Jane Brown uses black and white film, prints archivally on fibre-based paper, tones her prints in her own darkroom and uses circular masks for the temporal ambiguity they transmit to her work; we are left uncertain when the pictures were taken; it could have been last year, or fifty years ago. Her photographs, deadpan and squarely framed, each tote a payload of wry humour.

Historical curiosity is behind her projects.
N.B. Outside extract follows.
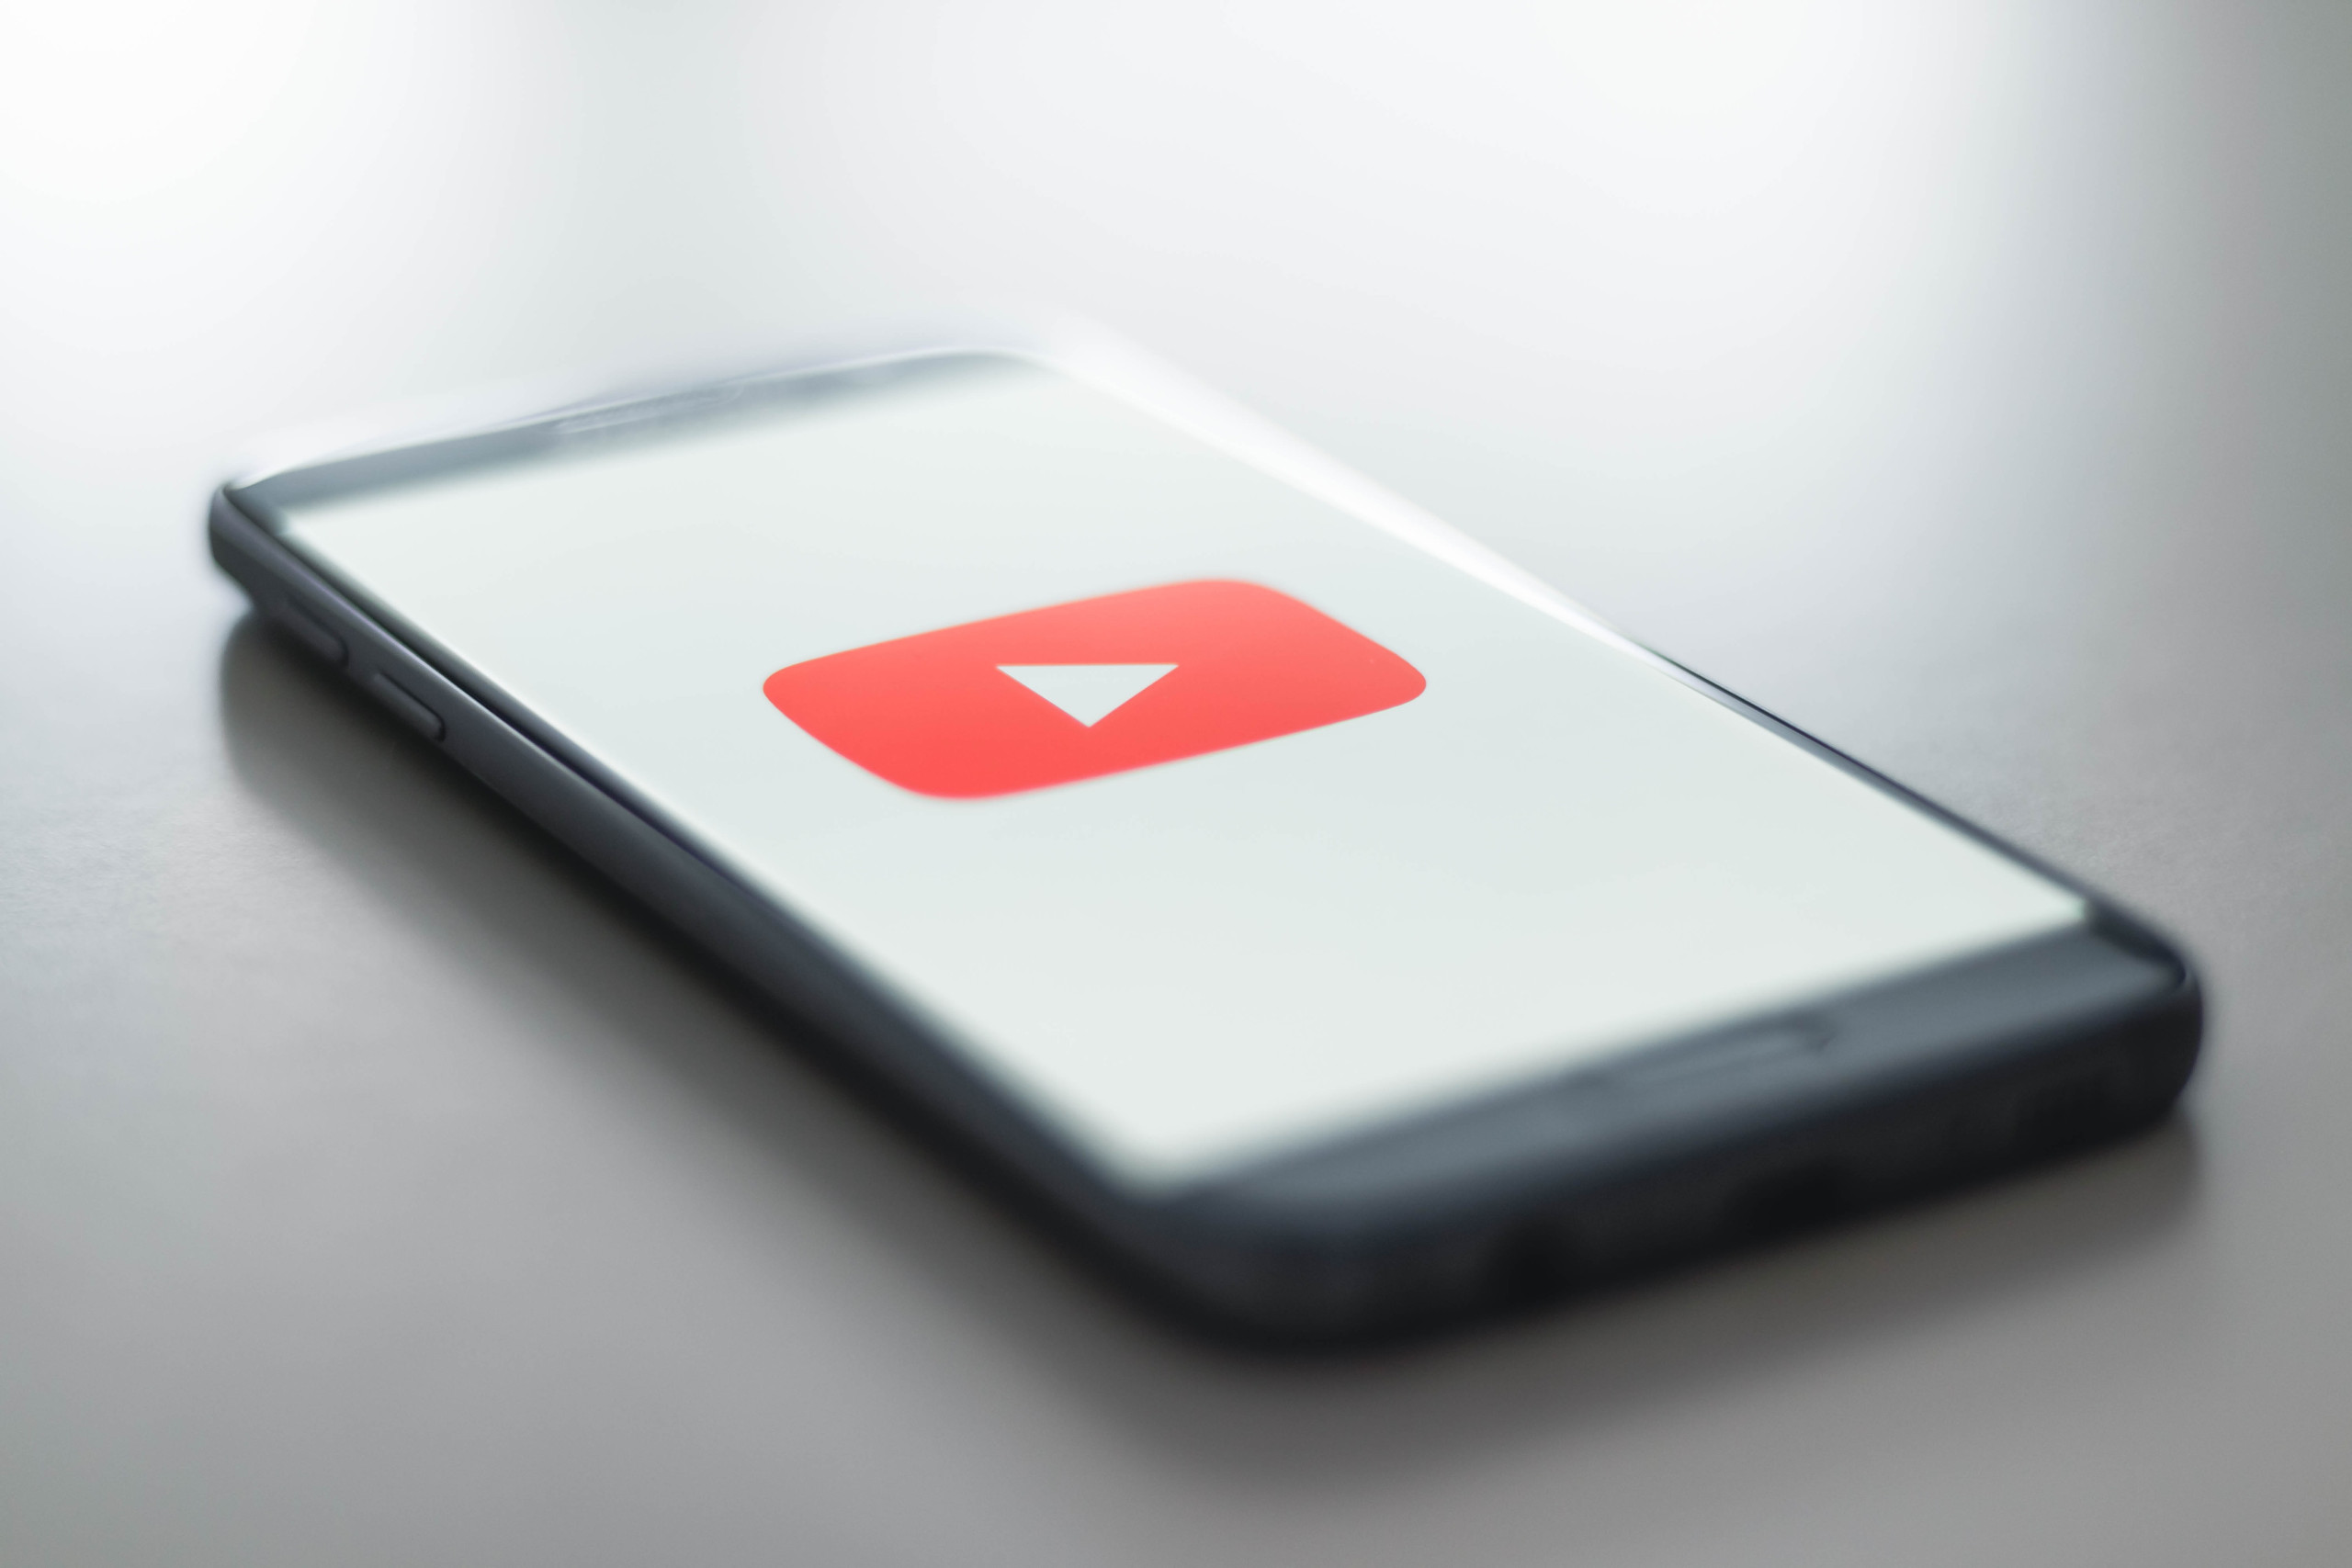 O YouTube deixará restrito os vídeos em alta qualidade (4K) só para assinantes?

She says of her art practice “I often look to strange aspects of history,” which she backs up with thorough historical research into each subject, describing it as “definitely a big motivating factor”.
Jane Brown is currently showing her Black Ships at Horsham Regional Art Gallery, 80 Wilson Street Horsham Victoria, Australia till 16 April 2017.

Also showing at Stills is Down in the Dumps by Glenn Sloggett who for twenty years has been prowling the streets with his twin-lens camera loaded with colour film, searching out what everyone else would rather not see; the abandoned cars, the ugly pile of discards at Christmas blocking the entry to the Salvos op shop, a guilty husband’s forgive-me bouquet discarded disdainfully under a street tree, unkempt lawns, the joyless coin-in-the-slot kiddie ride outside the take-away, all bundled unceremoniously into a square format.
He speaks in the same vernacular as Brown with whom he is well matched in this pair of solo shows at Stills, but there is a bleakness, a blackness that makes you fear for his mental health, until you meet him, and you realise this is all done with a knockabout, easygoing sense of humour. It’s the sort of sarcastic dig that you’ll get from the bloke at the bar, meant to good-naturedly take you down a peg….exactly what Australian society is looking for.
For those interested in art and sport Counihan Gallery opens Leather Poisoning Saturday 11 March 2017 to Sunday 09 April 2017, 233 Sydney Road, Brunswick, Melbourne, inside the Brunswick Town Hall.